Land Securities buys Liverpool One shopping centre stake for £490mn


Unlock the Editor’s Digest for free

Land Securities has struck a deal to pay £490mn for a majority stake in Liverpool One, one of the UK’s biggest shopping centres, in a bet on the future of bricks-and-mortar retail.

The Abu Dhabi Investment Authority and the Duke of Westminster’s property company Grosvenor, which built and still manages the mall, have agreed to sell a combined 92 per cent stake in the centre.

Physical retail properties have been out of favour with investors after suffering a brutal blow from the rise of online shopping.

But Mark Allan, Landsec chief executive, has targeted flagship shopping malls in a bet that these properties have seen the worst and will now start to outperform.

“We have now turned that corner” for the “very best assets, of which this is unquestionably one”, he said, noting that retail rents had begun growing again this year.

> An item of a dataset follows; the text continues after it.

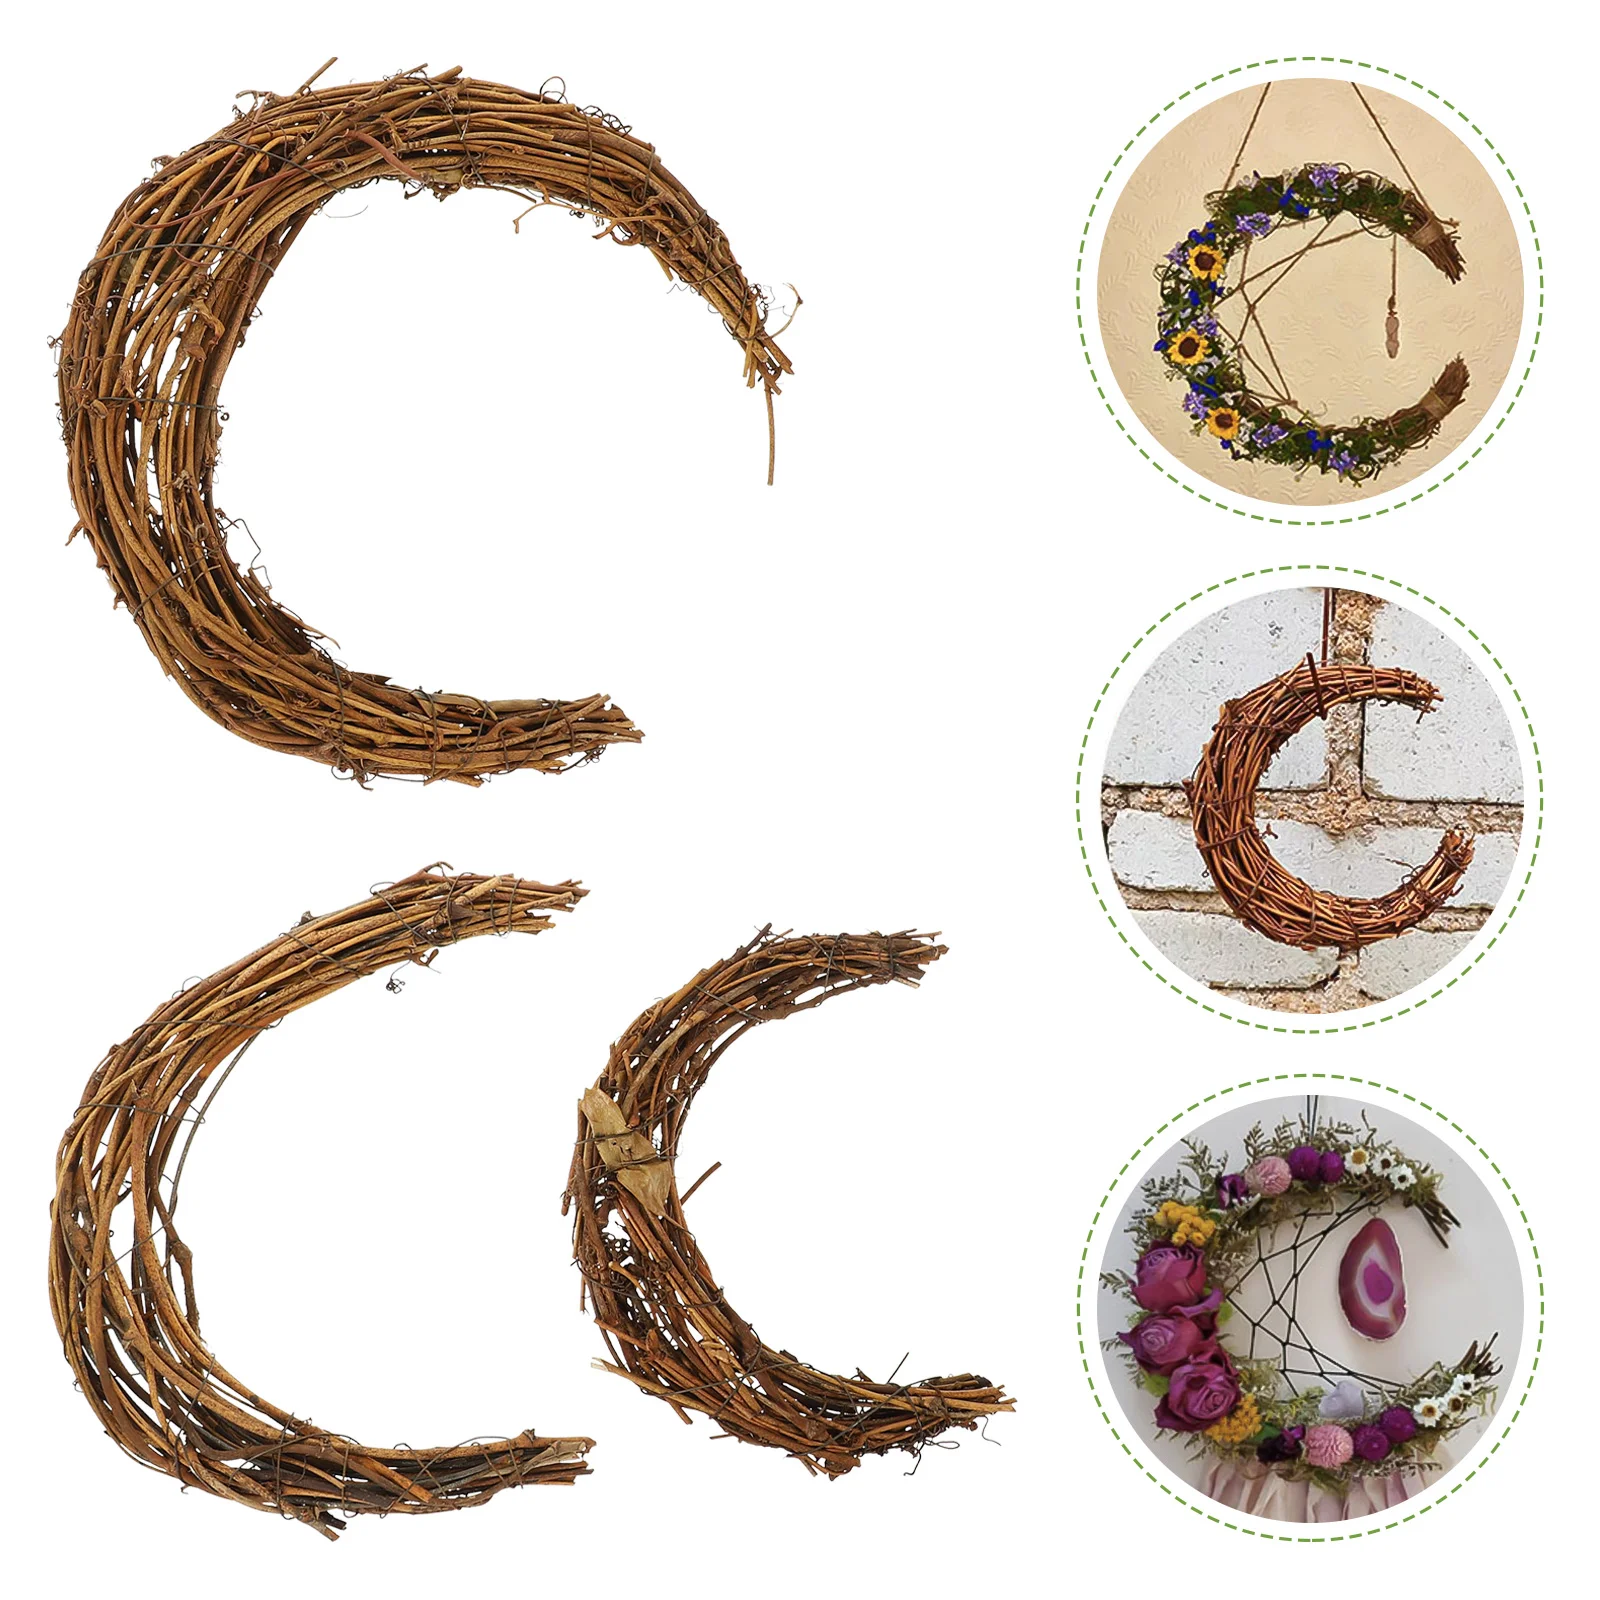 

3 Pcs Smilax Rattan Front Door Wreath DIY Garland Materials Making Rings Accessory Dry Vine Frame Dream Catcher Circle

The deal means the FTSE 100 landlord owns or controls seven of the top-30 shopping centres in the UK. “That is where the retailers want their stores to be,” Allan said.

He said mall values had fallen so far that they now cost significantly more to build than they were worth. This was likely to mean there would be no supply of new shopping centres, which would help to boost the recovery in value of existing malls.

Located in the heart of Liverpool’s city centre, the open-air Liverpool One attracted 22mn people a year, Landsec said. Some £35mn of the total payments to ADIA will be deferred for two years, and the sovereign wealth fund may also receive future payments depending on how the property performs.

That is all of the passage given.